В углу стола быстро встает Утопист и повелительным жестом смиряет егупецкого эмиссара:

— Хвылыночку, панэ урядовэць… Пэрэпрошую, — это мне, — чи нэ будэтэ так добри поясныты поривняння Украины з Шотландиею?

— Охотно! В самым общих чертах — Украине от России не выпало и сотой доли затрещин, какие перенесла Шотландия от Англии, с которой и поныне составляет королевство, учрежденное двести лет назад на вечные времена. Вас Россия защищала — от поляков, от татар. Англия Шотландию опустошала. Цвет нации оказывался уничтожен после очередного вторжения. И все же объединились. Все ли ладно было? Нет. Шотландия все еще беднее Англии, чего об Украине отнюдь не скажешь. Но когда я заметил собеседнику-шотландцу, что не мыслю враждующих Англии, Шотландии, Уэльса…

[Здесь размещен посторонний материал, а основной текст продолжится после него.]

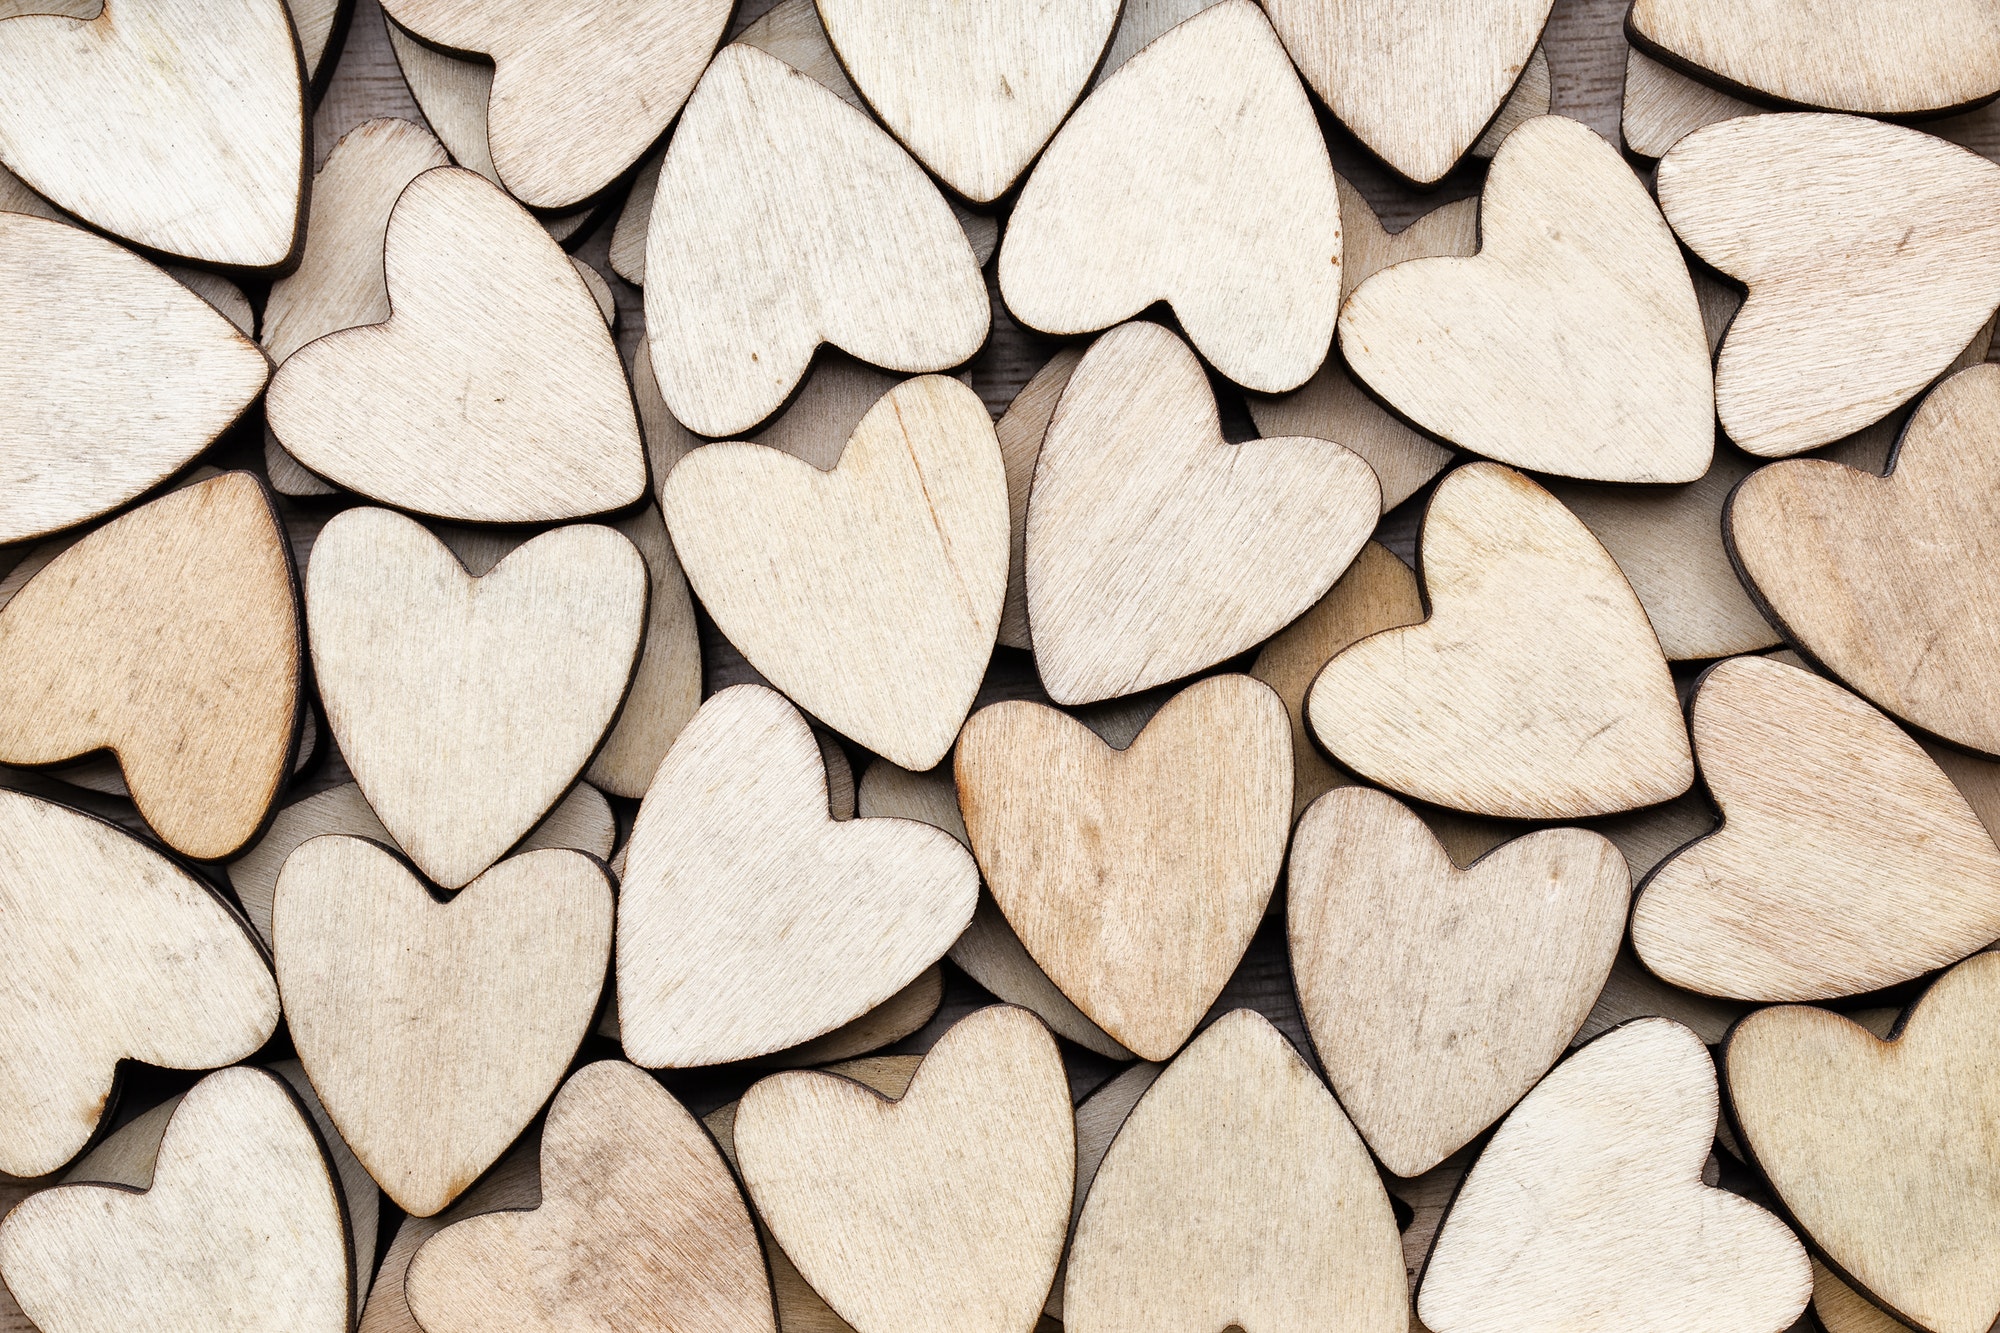 Wooden hearts, on the heart background.

— Обещаю тебе, — сказал Малкольм, хрустя моими костями у трапа самолета, — что мы и впредь будем задавать этим подлым трусам трепку только в анекдотах и на футбольных полях.

— Разделение ничего вам не даст, кроме изоляции и нищеты. И возможного развала в будущем на две части — восточную и западную. А свобода у вас и так уже есть.

— Интэрэсна думка, — опережая остальных, сказал Утопист, — мы повэрнэмось до нэи, але на рази мы маемо доповисты важлыву информацию про сучасный момэнт и обмиркуваты становыще з ризных бокив, нэ выключаючи и ваших поважных зауважень.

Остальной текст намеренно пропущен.